WHAT TO PRODUCE:
Find "Healthy Breeds 840235173878" below and begin at its line; stop after the line with "triple axle alum". Output those lines exactly, without pictures.

SUPPLIED MATERIAL:
Content starts

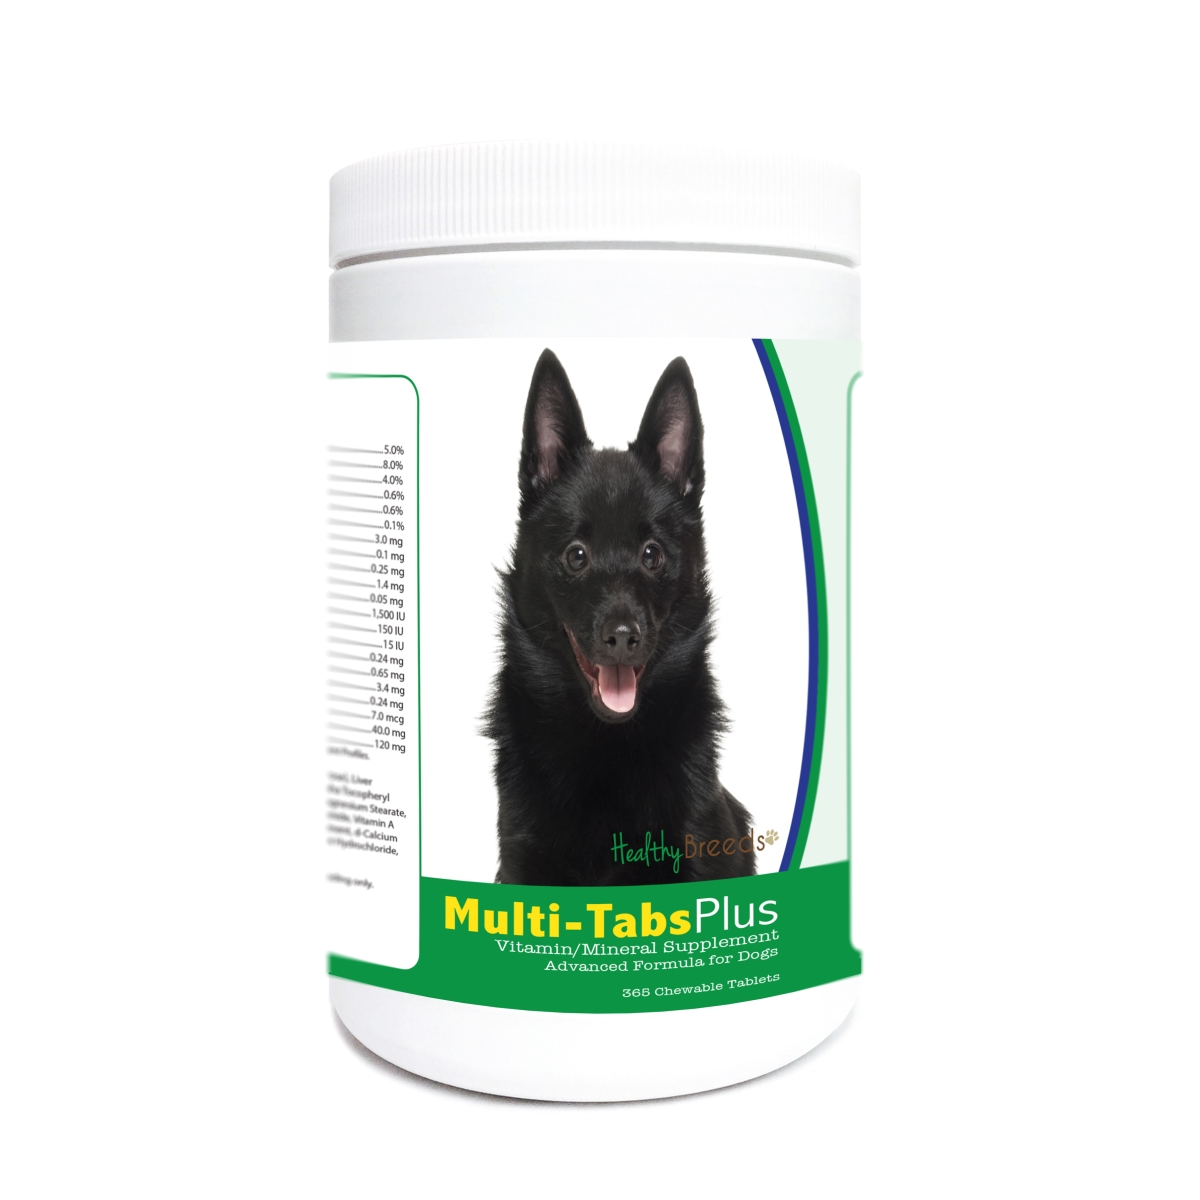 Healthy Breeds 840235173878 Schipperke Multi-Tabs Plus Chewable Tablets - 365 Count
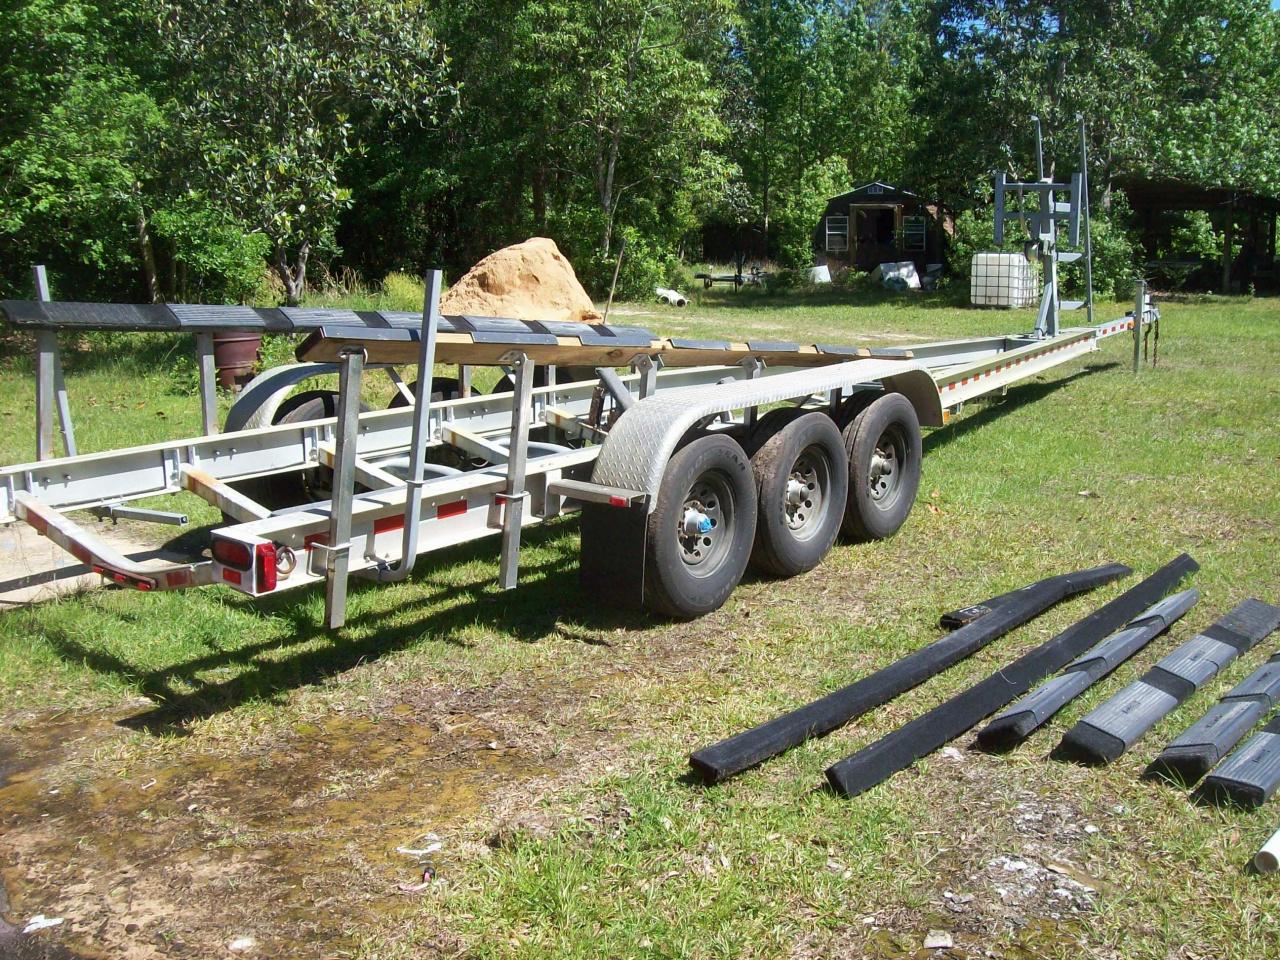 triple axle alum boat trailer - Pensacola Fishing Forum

Content ends
Content starts

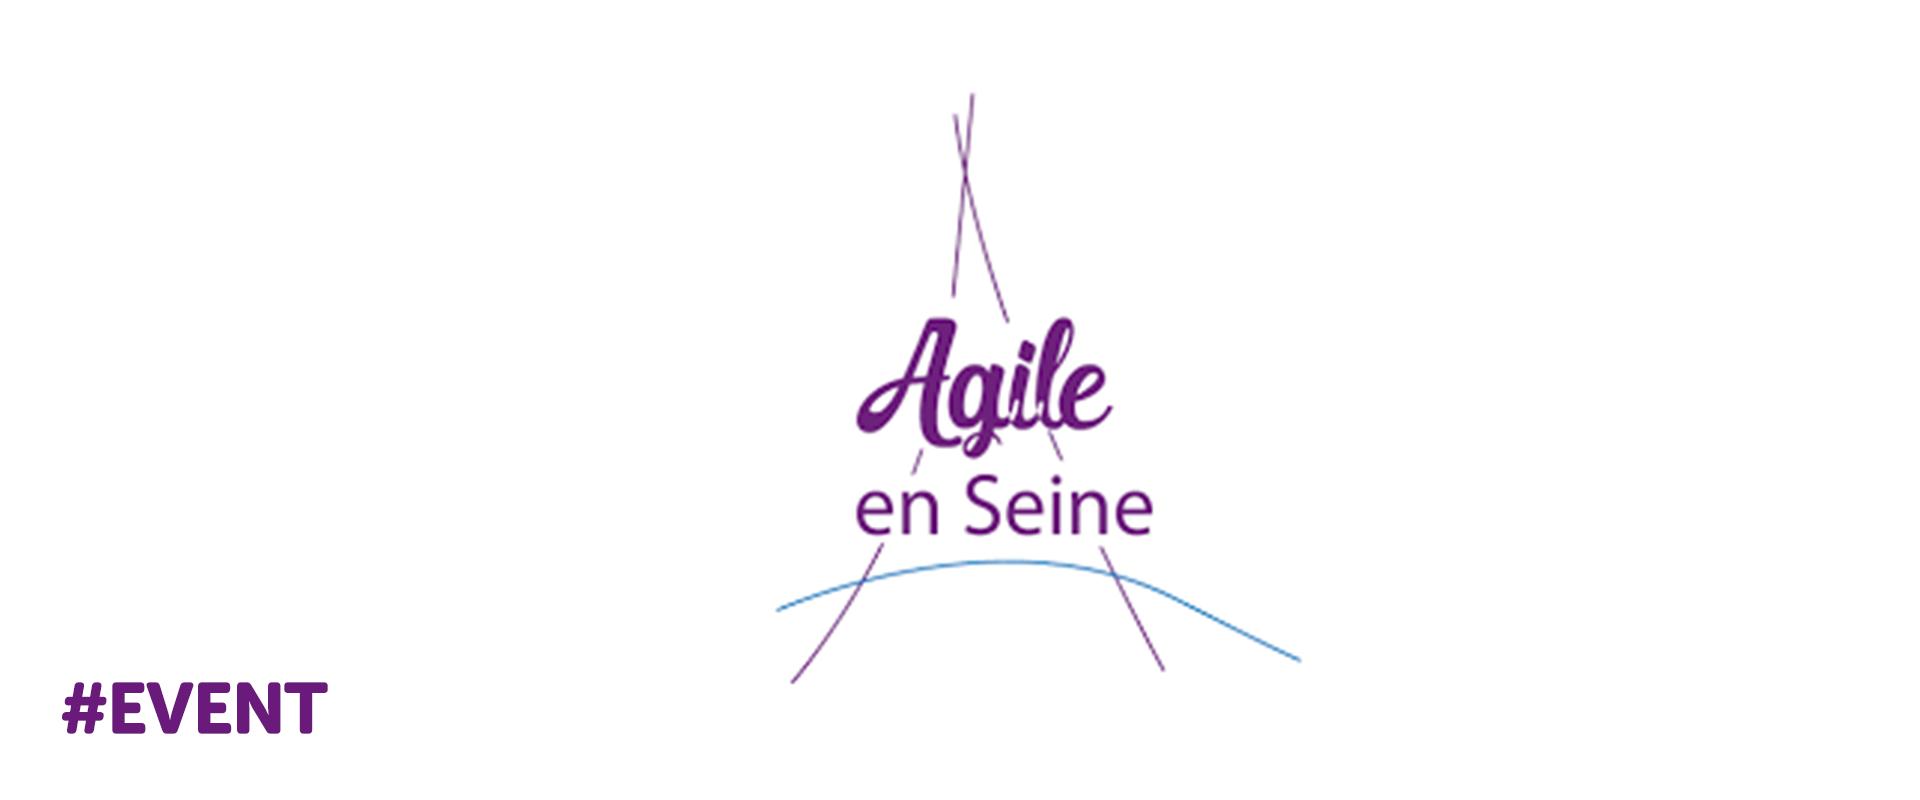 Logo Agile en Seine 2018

Content ends

RESPONSE TO THIS TASK:
 Healthy Breeds 840235173878 Schipperke Multi-Tabs Plus Chewable Tablets - 365 Count
 triple axle alum boat trailer - Pensacola Fishing Forum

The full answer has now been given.